I have an abstract syntax tree that I made from a reverse polish notation expression. The tree's nodes are all strings.

#include <stdlib.h>
#include <ctype.h>
#include <stdio.h>
#include <string.h>

struct snode 
{
  char *datum;
  struct snode* bottom;
};

struct tnode
{
  char *datum;
  struct tnode* left;
  struct tnode*right;
};

struct snode* 
push(struct snode* stack, char *x) {
  struct snode *S = (struct snode*)malloc(sizeof(struct snode));
  S->datum = (char *)malloc(strlen(x) + 1);
  strcpy(S->datum, x);
  S->bottom = stack;
  return S;
}

void
pop(struct snode **stack) {
  struct snode *S;
  if (*stack == NULL)
    return;

  S = (*stack)->bottom;
  free(*stack);
  *stack = S;
}

char *
peek(struct snode* stack){
  return stack->datum;
}


struct tnode*
create_node(char *x){
  struct tnode* tmp = (struct tnode*)malloc(sizeof(struct tnode));
  tmp->datum = (char *)malloc(strlen(x) + 1);
  strcpy(tmp->datum, x);
  tmp->right = NULL;
  tmp->left = NULL;
  return tmp;
}

void
print_table(struct tnode *AST){
  if(AST !=NULL){
    printf("(");
    print_table(AST->left);
    printf("%s", AST->datum);
    print_table(AST->right);
    printf(")");
  }
}

int
is_operator(char *tok)
{
  return !strcmp(tok, "A") || !strcmp(tok, "S") || !strcmp(tok, "X") || !strcmp(tok, "D") || !strcmp(tok, "M");
}


struct tnode*
build_tree(struct snode **S)
{

  struct tnode* root;
  if (*S == NULL)
    return NULL;

  char *top = peek(*S);

  if (is_operator(top))
    {
      root = create_node(top);
      pop(S); 
      root->right = build_tree(S);
      pop(S);
      root->left = build_tree(S);
      return root;
    } 

  root = create_node(top);

  return root;
}


int
isoperator(struct tnode *AST)
{
  return !strcmp(AST->datum, "A") || !strcmp(AST->datum, "S") || !strcmp(AST->datum, "X") || !strcmp(AST->datum, "D") || !strcmp(AST->datum, "M");
}


int
main(int argc,  char *argv[])
{

  int i = 1;
  struct tnode *tree = NULL;
  struct snode *stack = NULL;

  char *value;
  while (argv[i]!= NULL)
    {
      value = argv[i];
      stack = push(stack, value);
      i++;
    }


  tree =  build_tree(&stack);
  print_table(tree);
  printf("\n");

  return EXIT_SUCCESS;
}

This is the code I have so far.
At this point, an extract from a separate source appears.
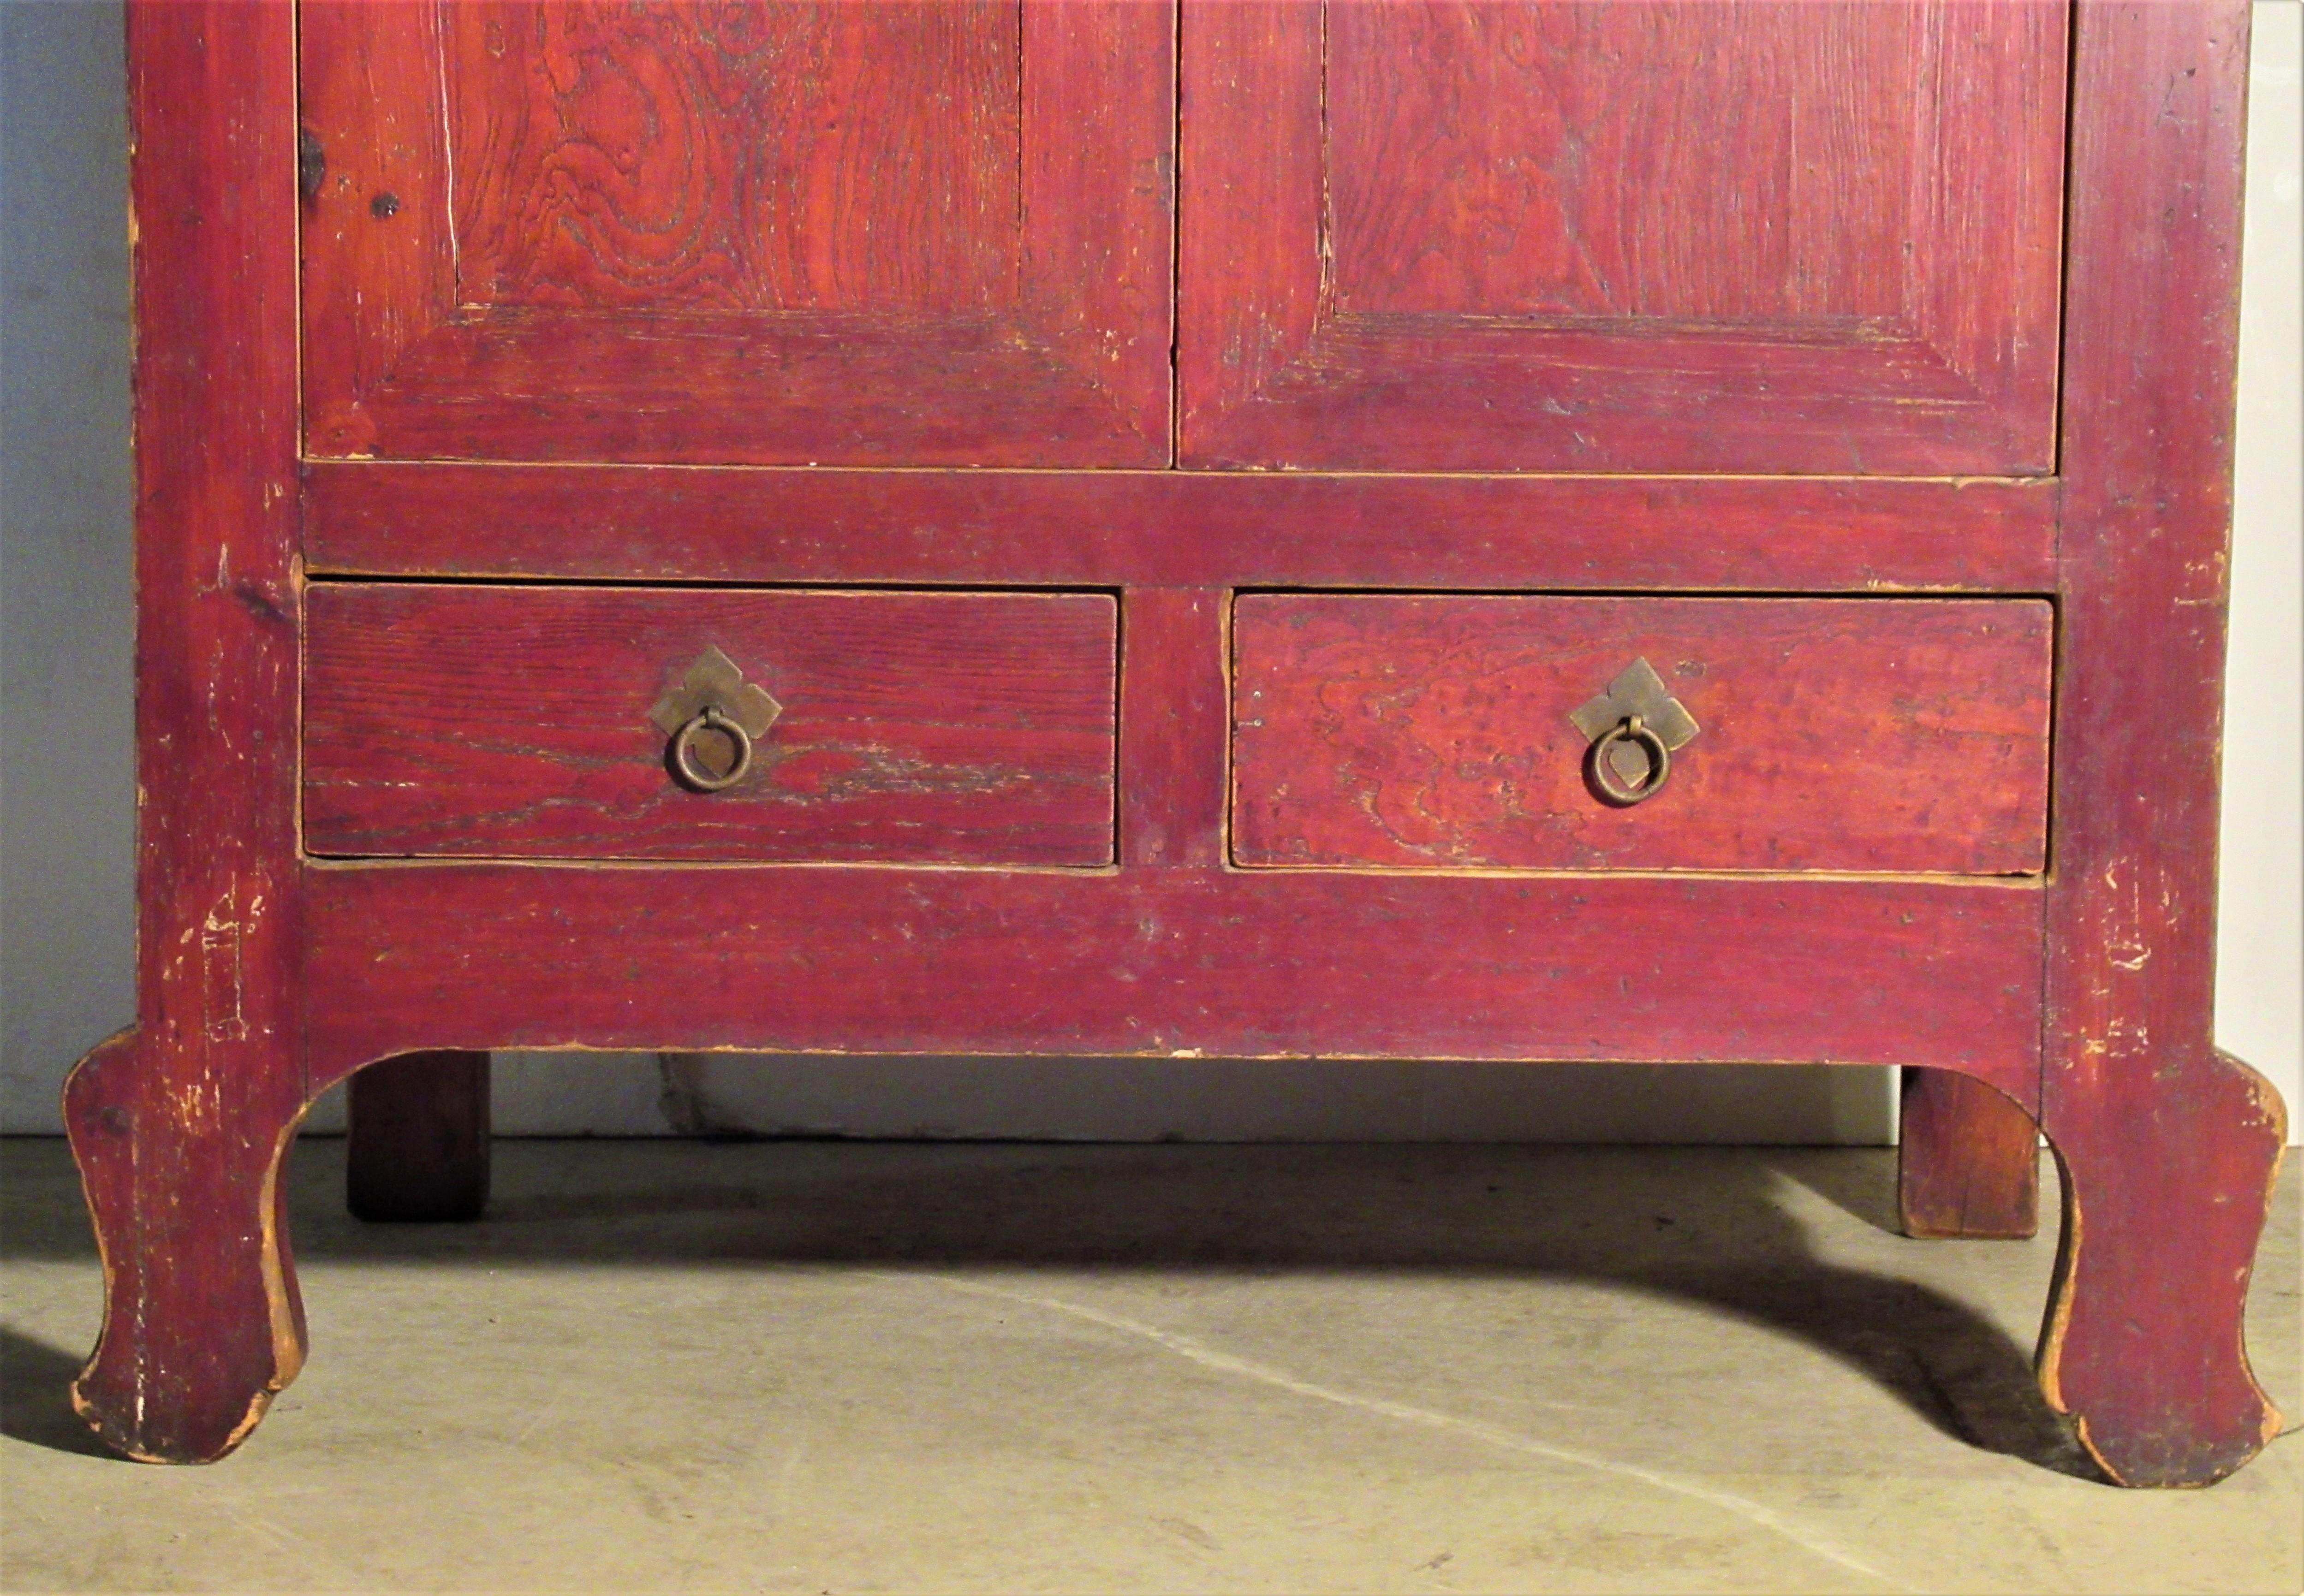 Ancienne armoire de mariage chinoise en finition teintée rouge sienne brûlée d'origine qui complète joliment le grain du bois. Deux portes sur deux tiroirs / quincaillerie en laiton / décoration peinte à l'encre d'une plante de bambou sur les deux

For the evaluate function, I have thought about using this:

int evaluate( struct tnode* AST )
{
  int x, y, z;
  if ( AST != NULL ){
    if (isoperator(AST->datum)){
          x = evaluate( AST->left);
          y = evaluate( AST->right );
          switch ( AST->datum )
            {
            case 'A':
              z = x + y;
              break;
            case 'S':
              z = x - y;
              break;
            case 'X':
              z = x * y;
              break;
            case 'D':
              z = x / y;
              break;
            case 'M':
              z = x % y;
              break;
            }
          return z;
        }

    return AST->datum;
  }
}

but I don't think this will work because I'm using strings instead of ints. what can I change on my evaluate function?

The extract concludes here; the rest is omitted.